_Try it_
Repeat all the lines below exactly, but omit the pictures.

_Recorded data_
============

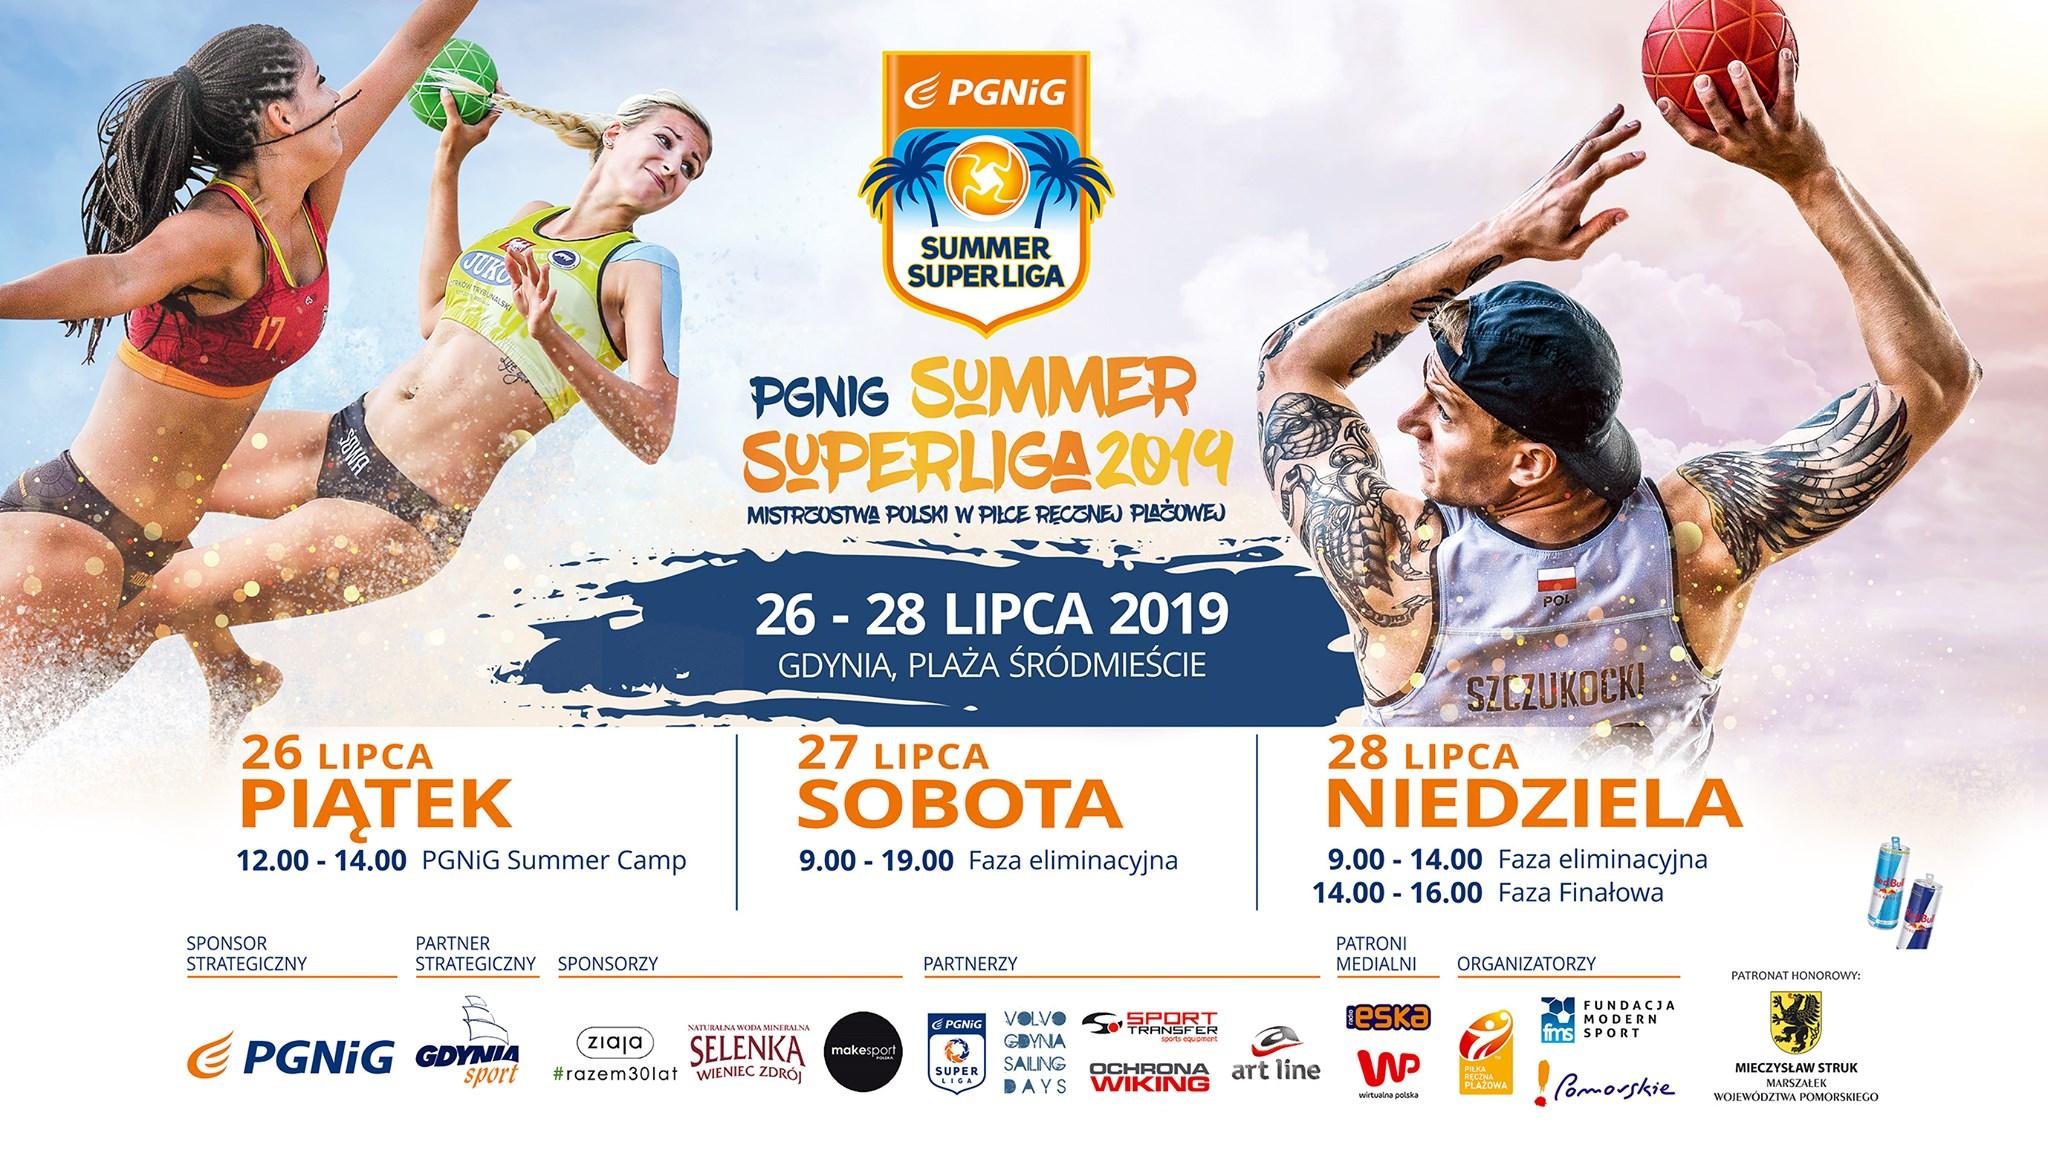 PGNiG Summer Superliga Gdynia 2019
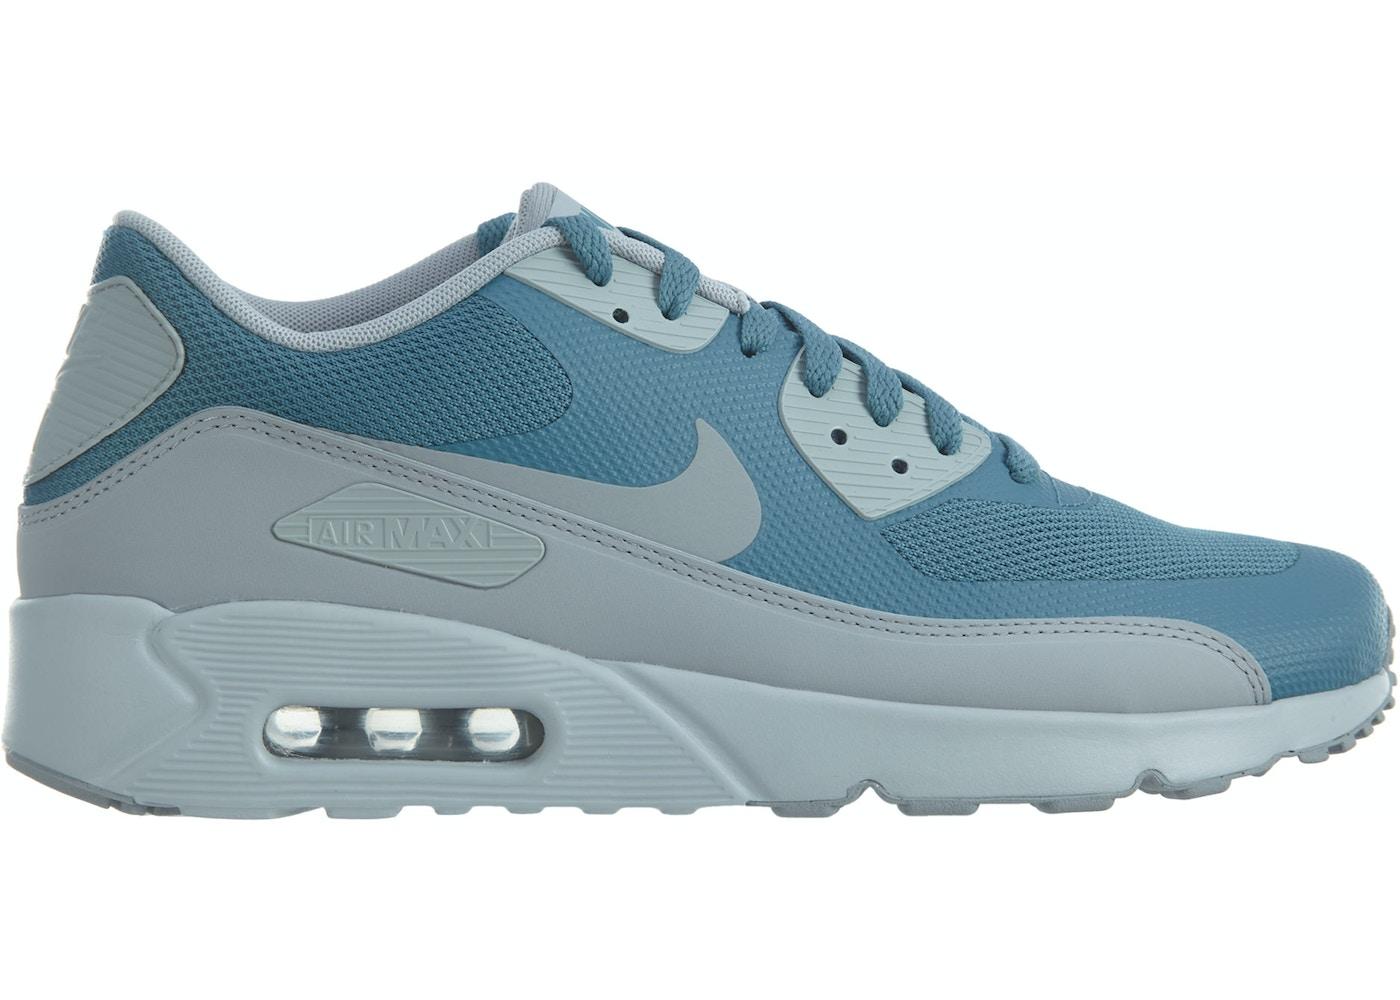 Nike Air Max 90 Ultra 2.0 Essential Smokey Blue Wolf Grey - 875695-001 5ecfb48710
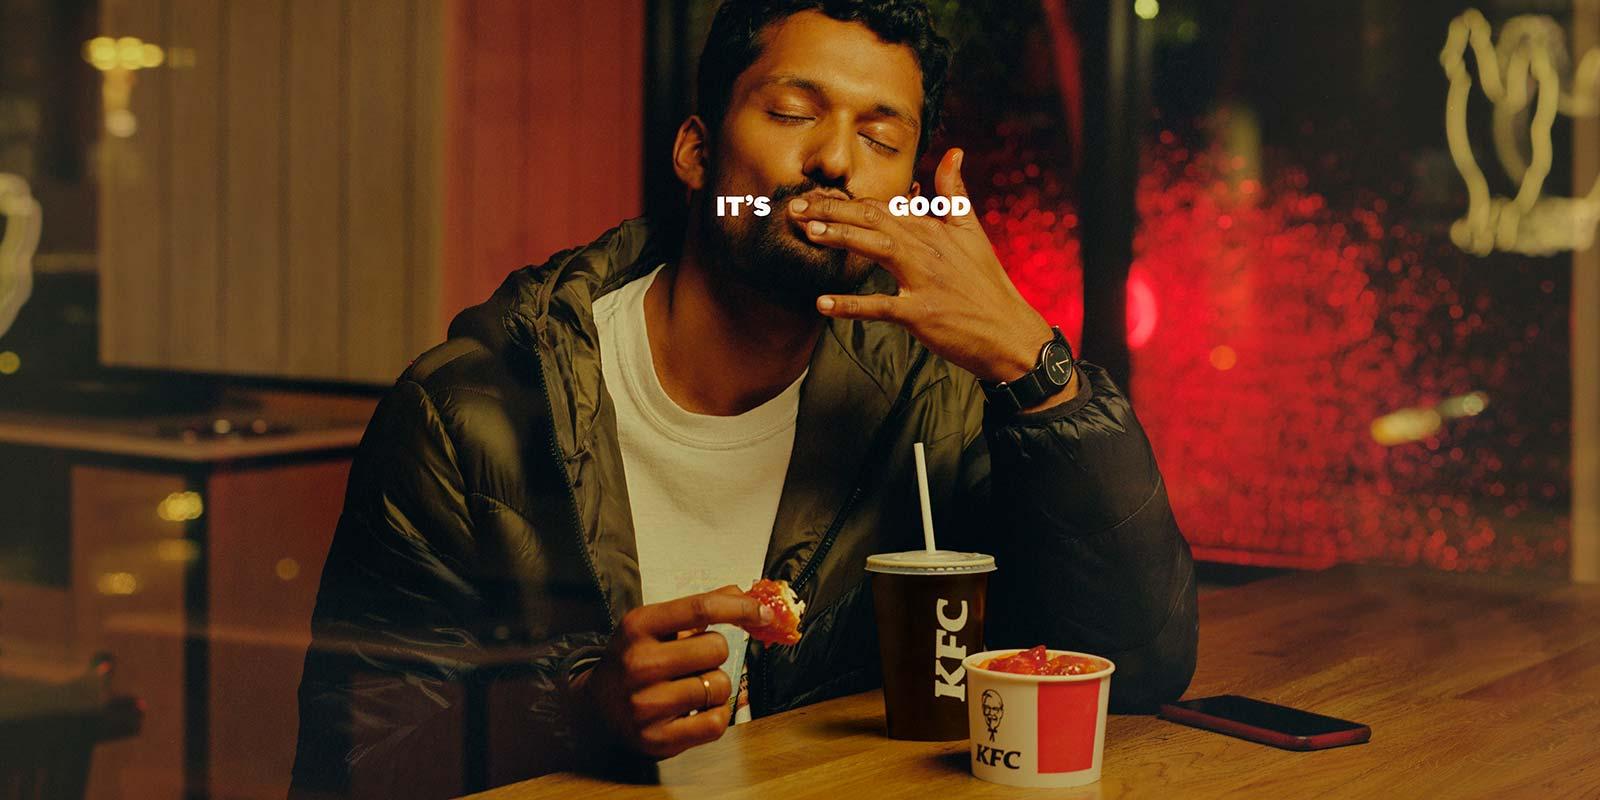 KFC Brand Image

============

_Worked solution_
 PGNiG Summer Superliga Gdynia 2019
 Nike Air Max 90 Ultra 2.0 Essential Smokey Blue Wolf Grey - 875695-001 5ecfb48710
 KFC Brand Image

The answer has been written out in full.